К этому времени у Ростопчиной уже был опыт своего петербургского салона - полуаристократического, полуартистического. Ю. Лотман отмечал, что "салон в России 1820-х гг. - явление своеобразное, ориентированное на парижский салон предреволюционной эпохи и вместе с тем существенно от него отличающееся. Как и в Париже, салон - своеобразная солнечная система, вращающаяся вокруг избранной дамы". Но "если во французском салоне лишь в порядке исключения хозяйка могла быть и обаятельной женщиной, вносившей в жизнь салона галантную окраску, то в русском салоне это сделалось обязательным. Хозяйка салона соединяет остроту ума, художественную одаренность с красотою и привлекательностью. Посетители салона привязаны к ней скорее не узами, соединявшими энциклопедистов с хозяйками тех или иных салонов, а коллективным служением рыцарей избранной даме"10. Салон подобного типа, а точнее "обеды", как называют их современники, был заведен у Ростопчиных в Петербурге. "Солнцем" и душой этих собраний была сама Евдокия Петровна.

стр. 15


--------------------------------------------------------------------------------

Бывавшие на этих приемах оставили о них восторженные отклики. Ее брат С. Сушков писал: "От зимы с 1836 на 1837 г. сохранились в моей памяти неизгладимые воспоминания о происходивших нередко у Ростопчиных обедах, на которые собирались Жуковский, Пушкин, князь Вяземский, А. И. Тургенев, князь Одоевский, Плетнев, графы Виельгорские, Мятлев, Соболевский, граф В. Соллогуб и еще некоторые другие лица. <...> Все эти наши литературные знаменитости относились с искренним, теплым сочувствием и лестными похвалами к молодой талантливой писательнице"11. О том же вспоминает и сама Ростопчина в феврале 1858 г. в письме к В. Одоевскому, посылая ему издание своих стихов: "Наши общие друзья воскреснут перед вами; ваши субботы, мои обеды то с Глинкою, то с Листом, <...>, все тут, все оживет, заговорит, запоет перед вами дивную, страстную, животворную песнь старины"12.

Отличительной чертой этих собраний было сочетание избранного аристократического круга и артистической атмосферы, созданной хозяйкой салона - молодой талантливой поэтессой и обаятельной аристократкой.
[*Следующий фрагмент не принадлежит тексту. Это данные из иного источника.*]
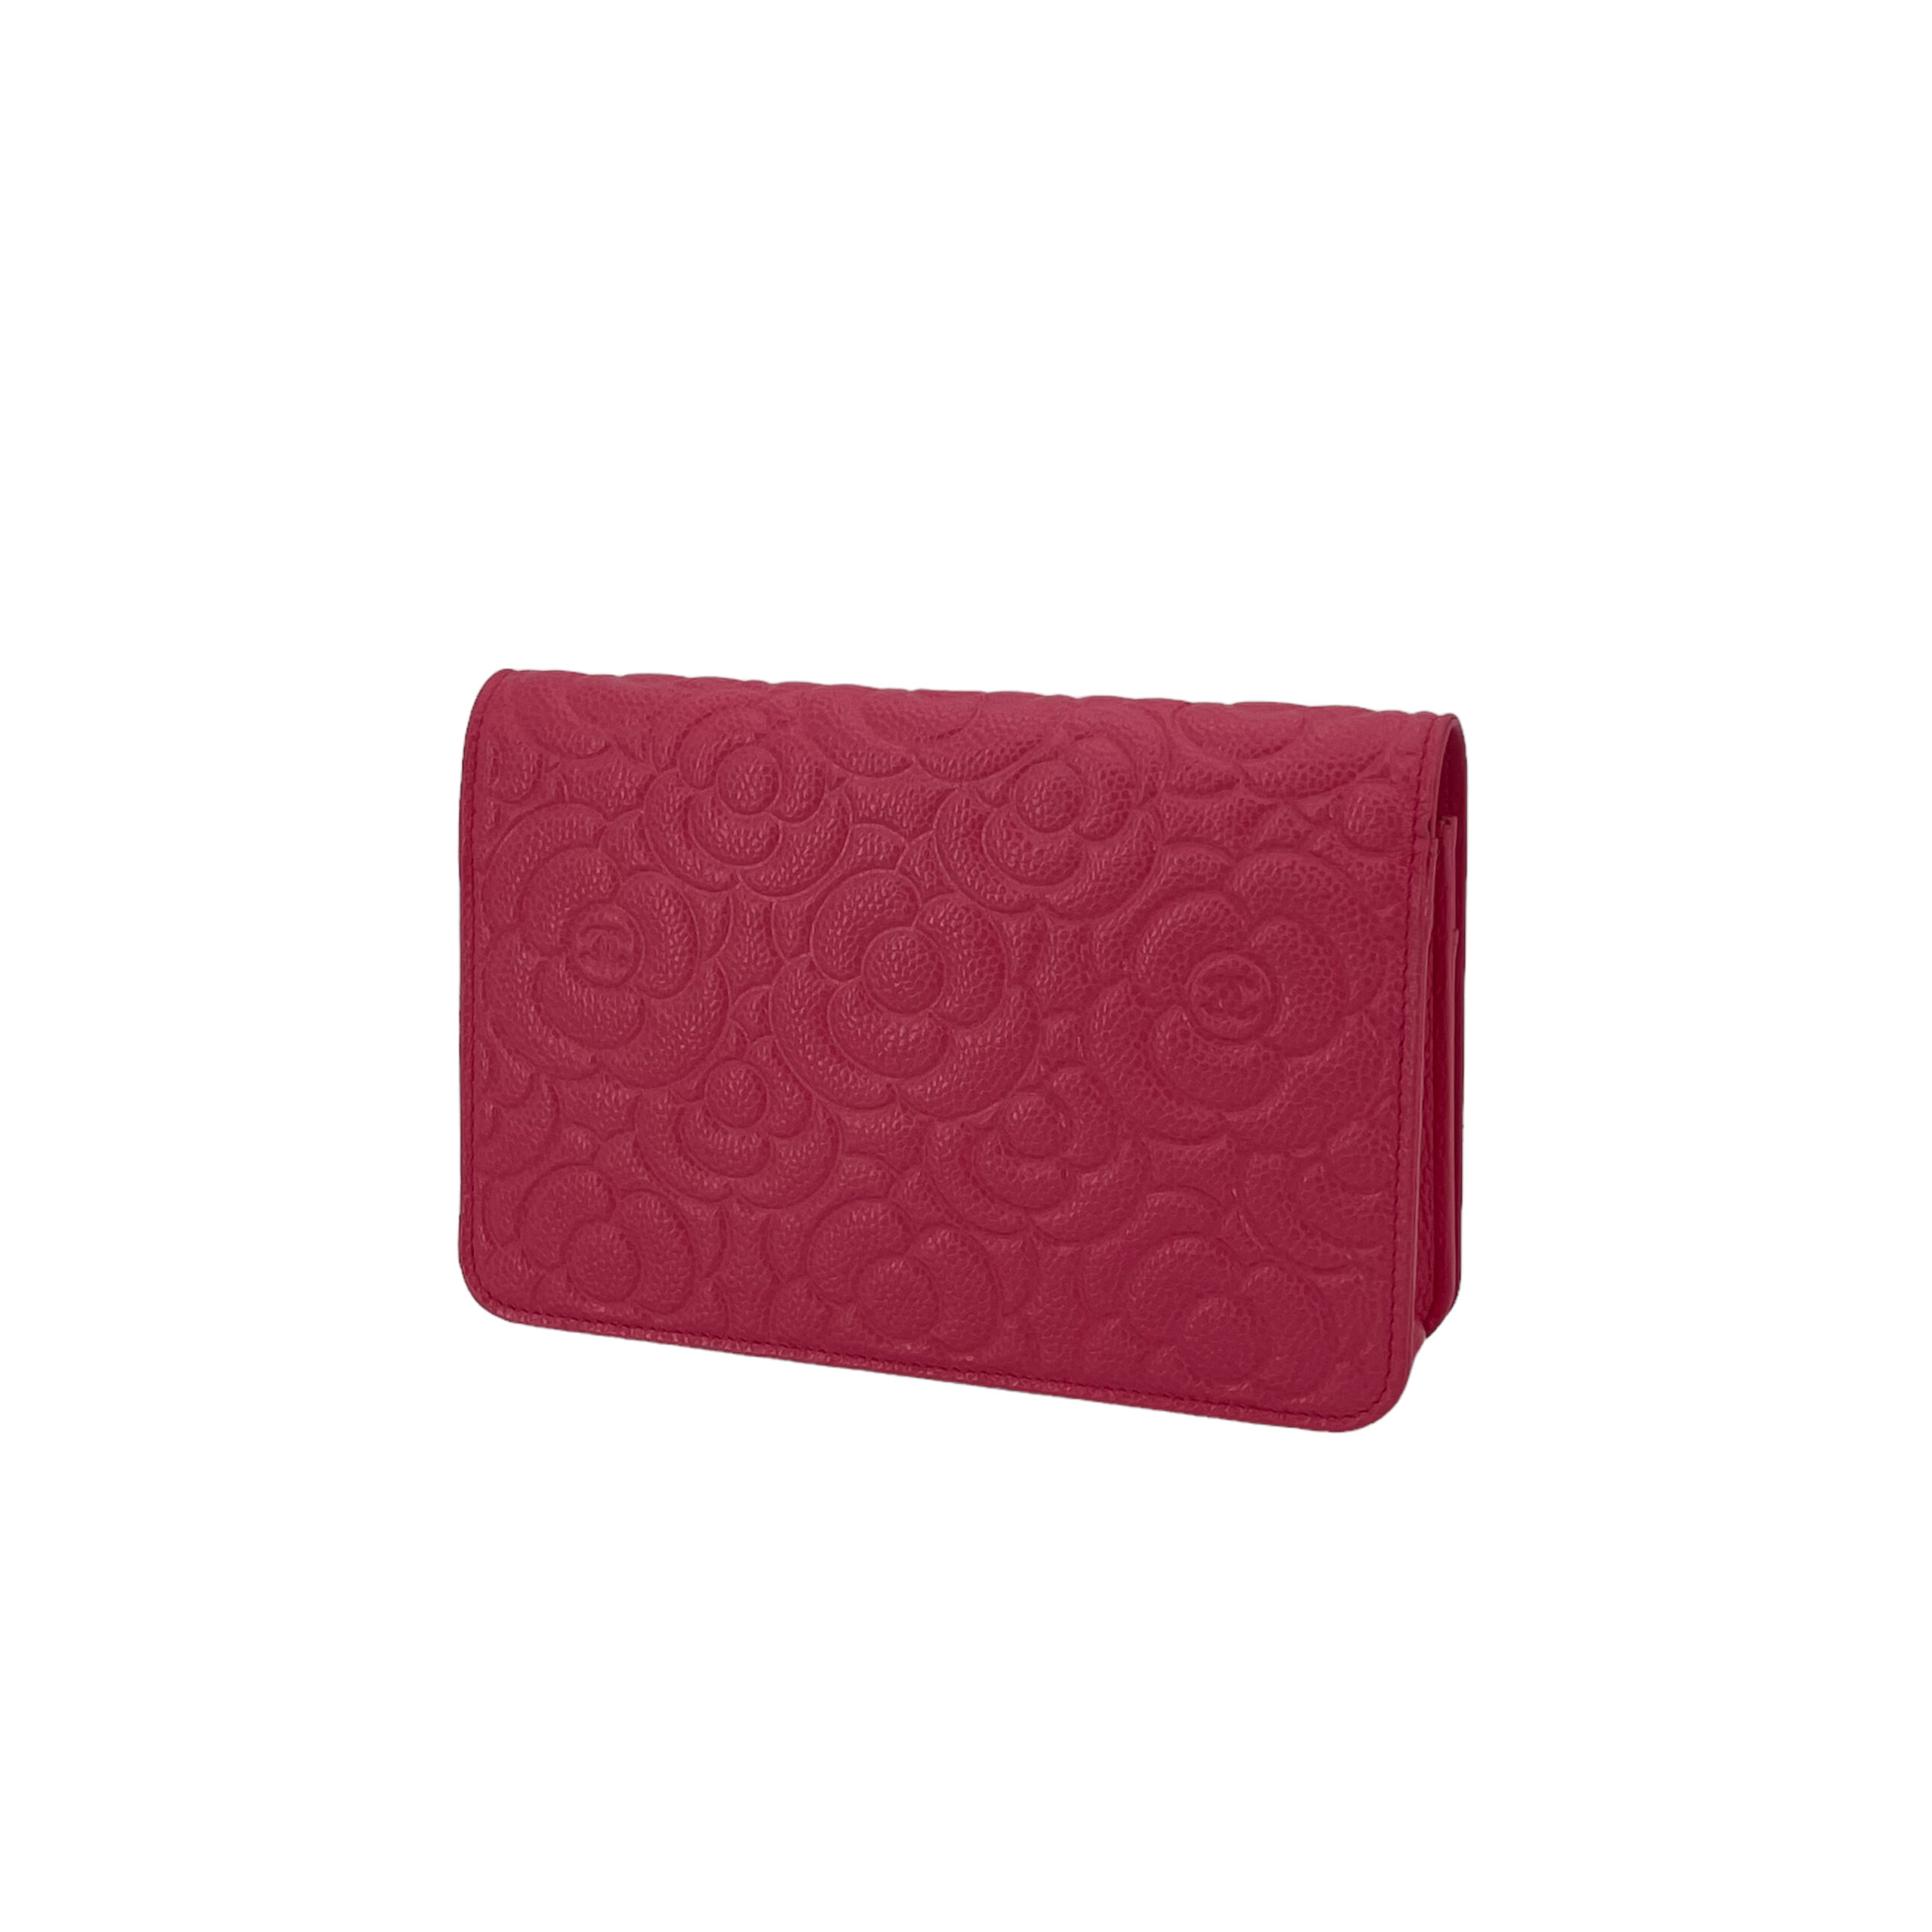 Buy Pre-Owned CHANEL WOC Wallet on Chain Fuschsia Leather

То, что хозяйка обладала не только умением вести светскую беседу ("живое болтовство" Ростопчиной отмечал Я. К. Грот), но и острым умом, талантом, одухотворенностью, придавало этим встречам особую притягательность и для людей светского круга, и для тех, кто по своему общественному положению был далек от него.

Такой же формой самореализации становится для Ростопчиной ее московский литературный салон.

Переехав в Москву в 1847 г., Ростопчина лишь через два года начинает собирать вокруг себя дружеский круг литераторов и артистов. Причиной тому были сложные отношения со свекровью, фанатичной католичкой, в доме которой семья Евдокии Петровны должна была жить.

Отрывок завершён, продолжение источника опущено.